> [DIRECTIONS FOR THIS TASK]: Return the full listing unchanged, apart from leaving out its images.

==== DATASET SECTION

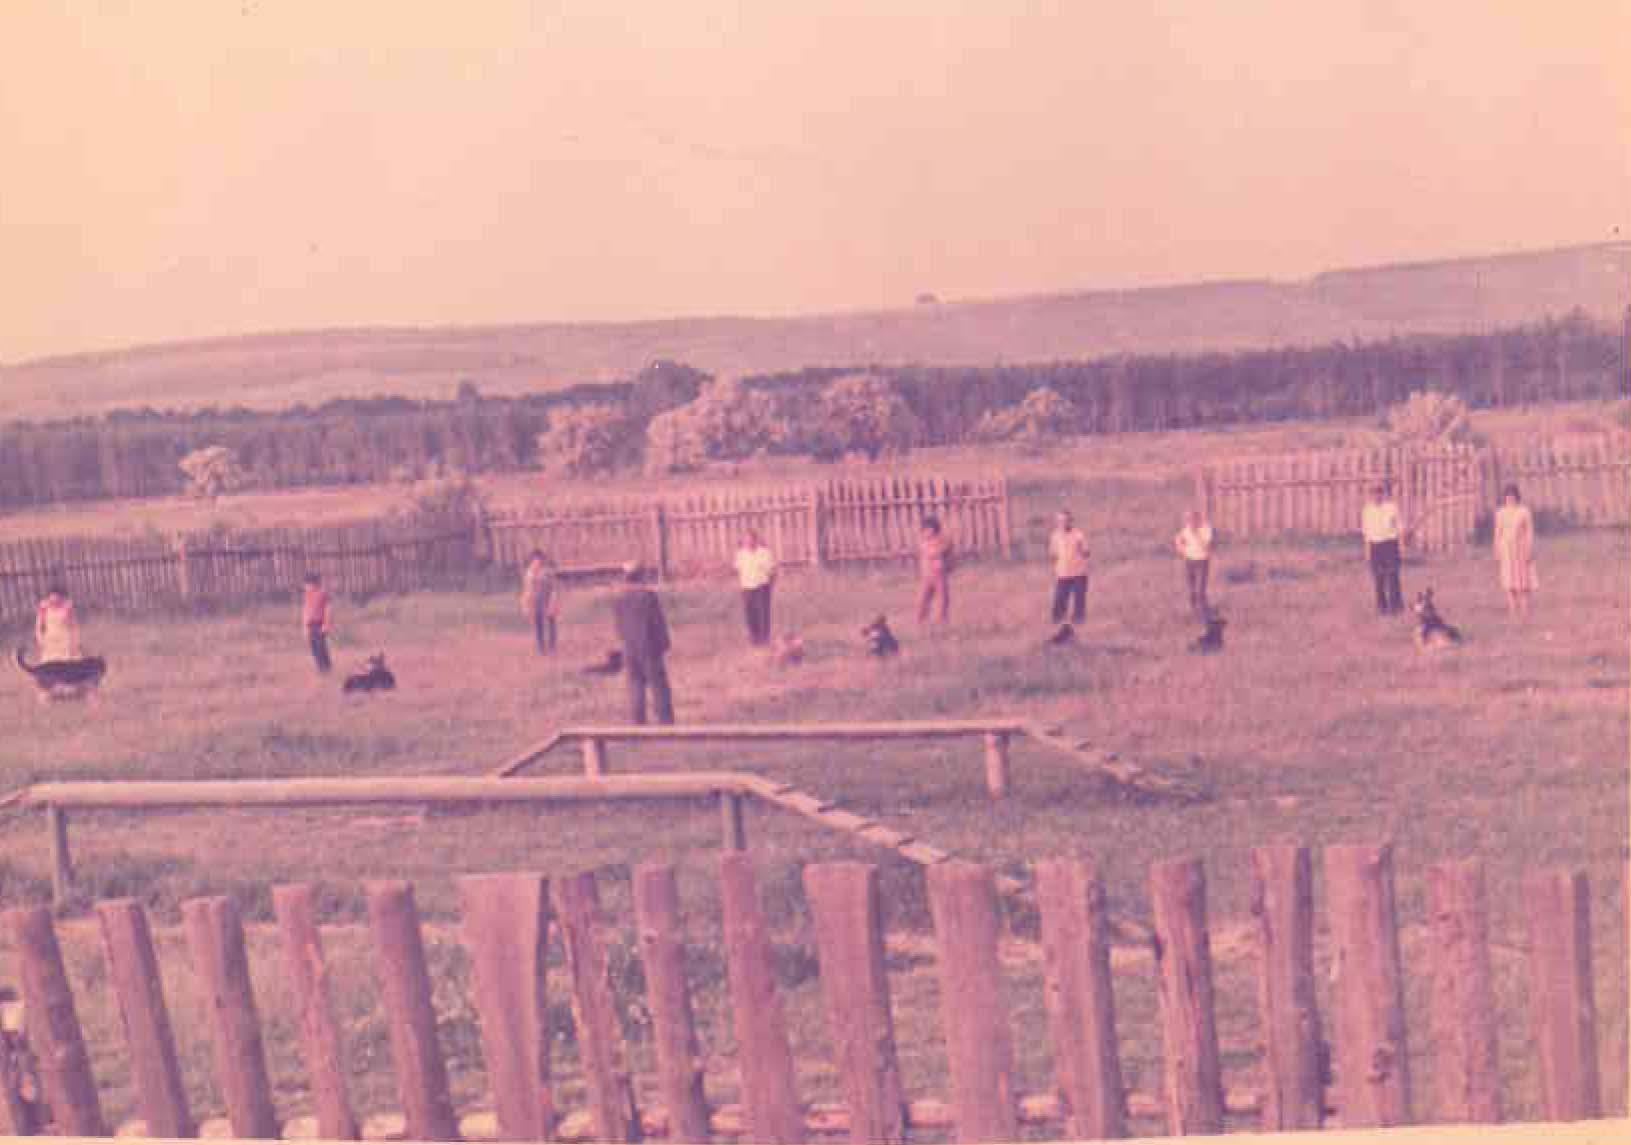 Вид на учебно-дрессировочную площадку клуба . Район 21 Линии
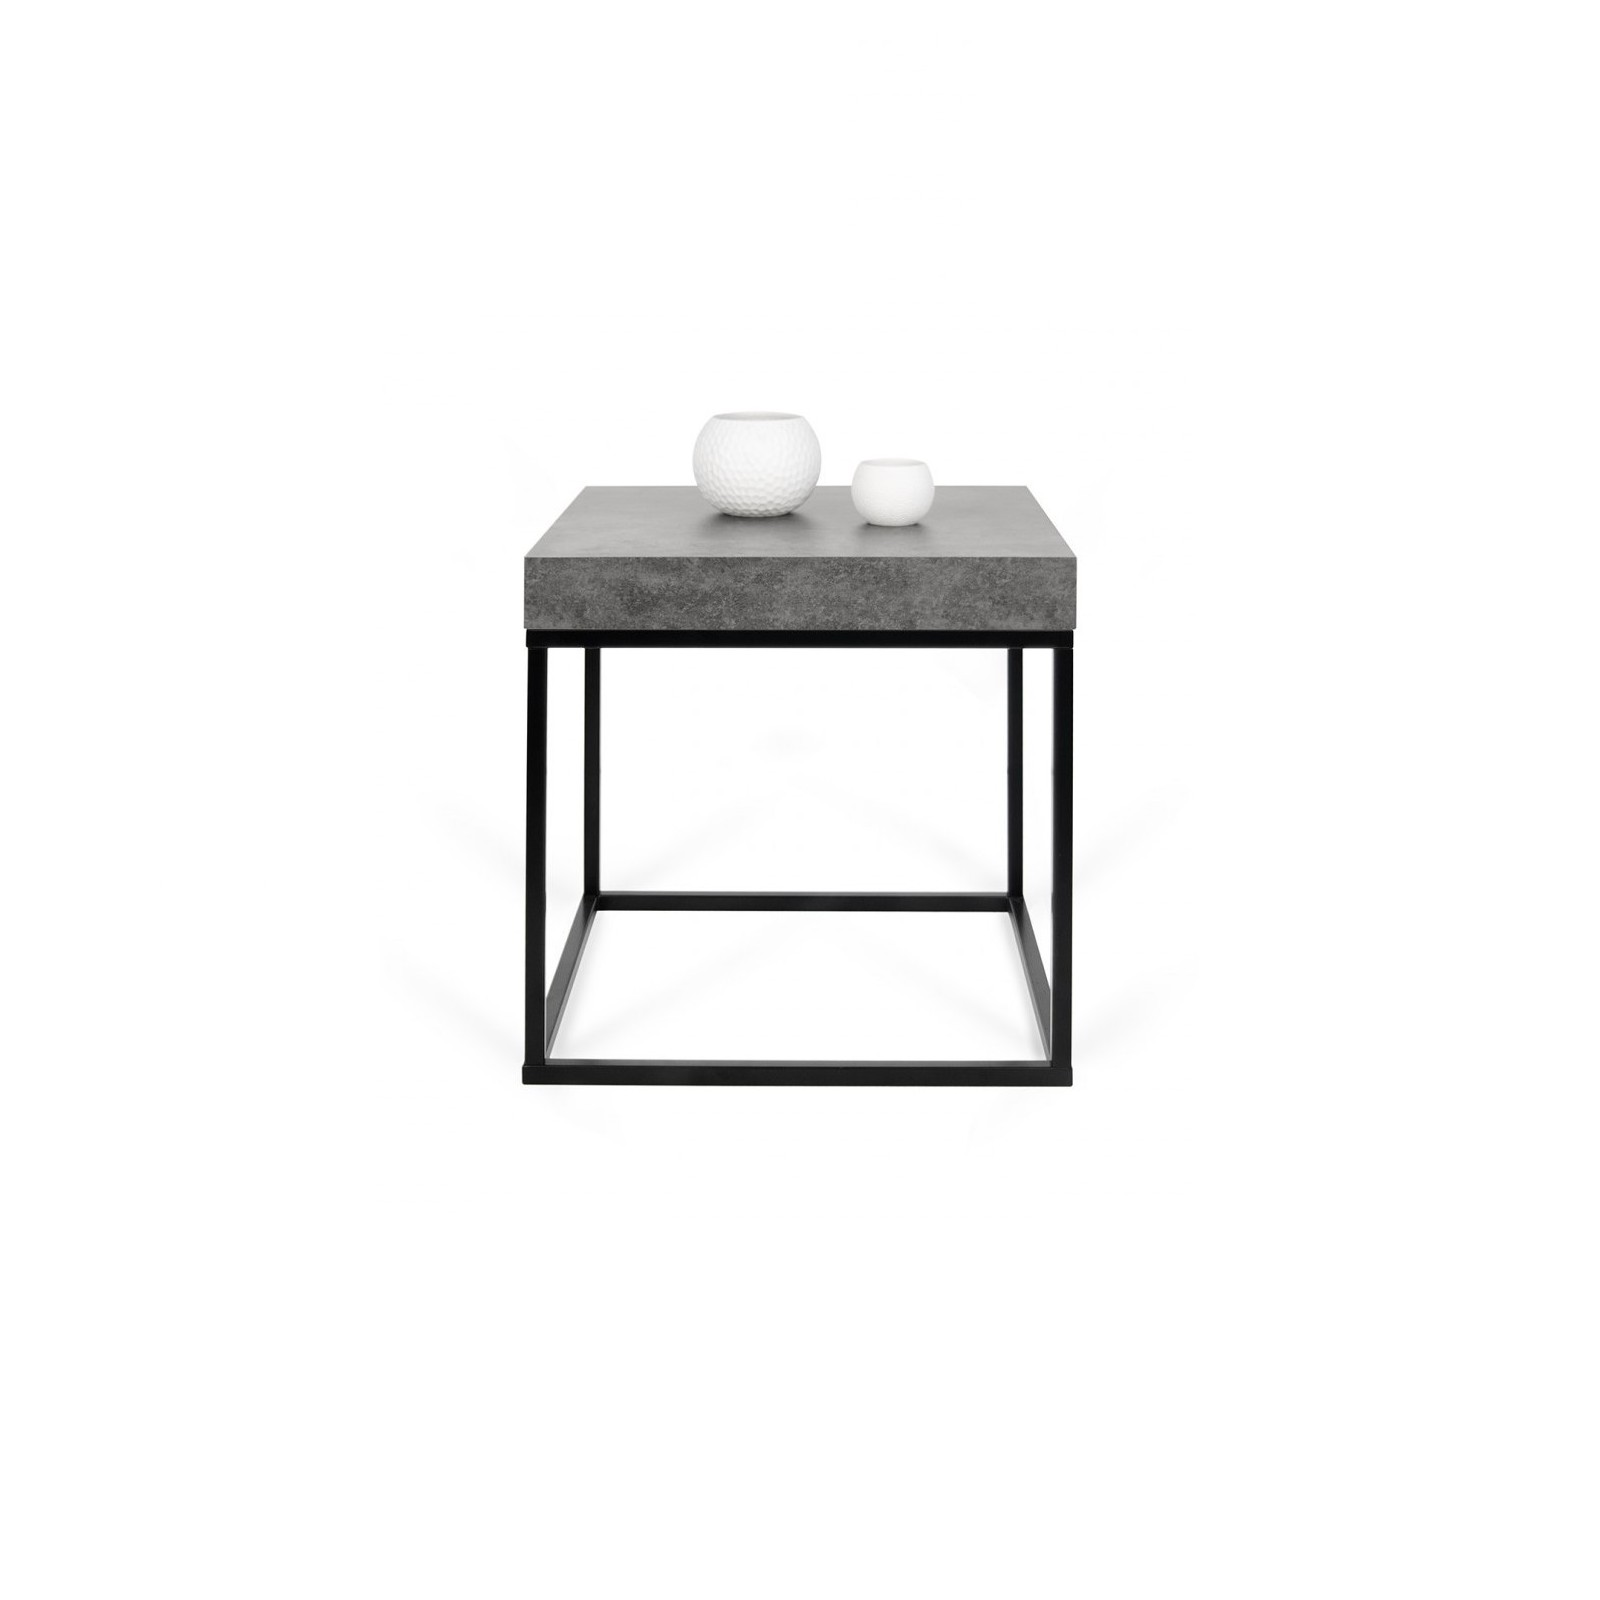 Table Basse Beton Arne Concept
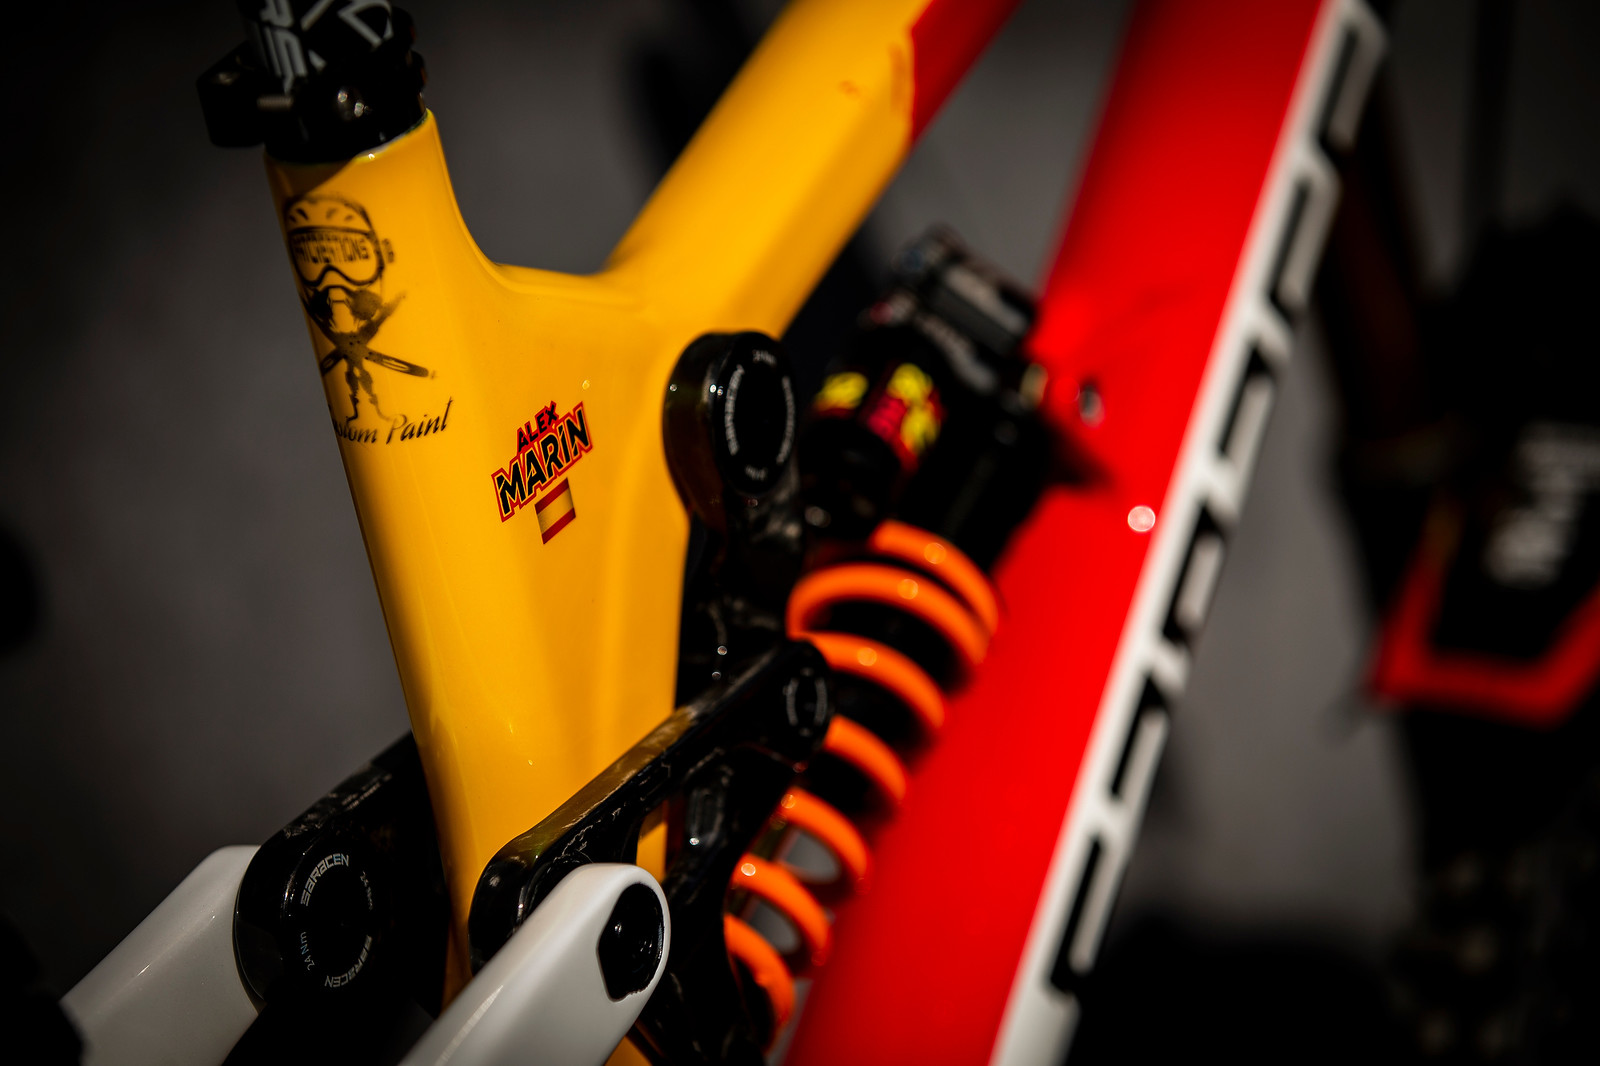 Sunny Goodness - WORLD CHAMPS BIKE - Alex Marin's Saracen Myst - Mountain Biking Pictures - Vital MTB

========

> [RESPONSE TO THIS TASK]:
 Вид на учебно-дрессировочную площадку клуба . Район 21 Линии
 Table Basse Beton Arne Concept
 Sunny Goodness - WORLD CHAMPS BIKE - Alex Marin's Saracen Myst - Mountain Biking Pictures - Vital MTB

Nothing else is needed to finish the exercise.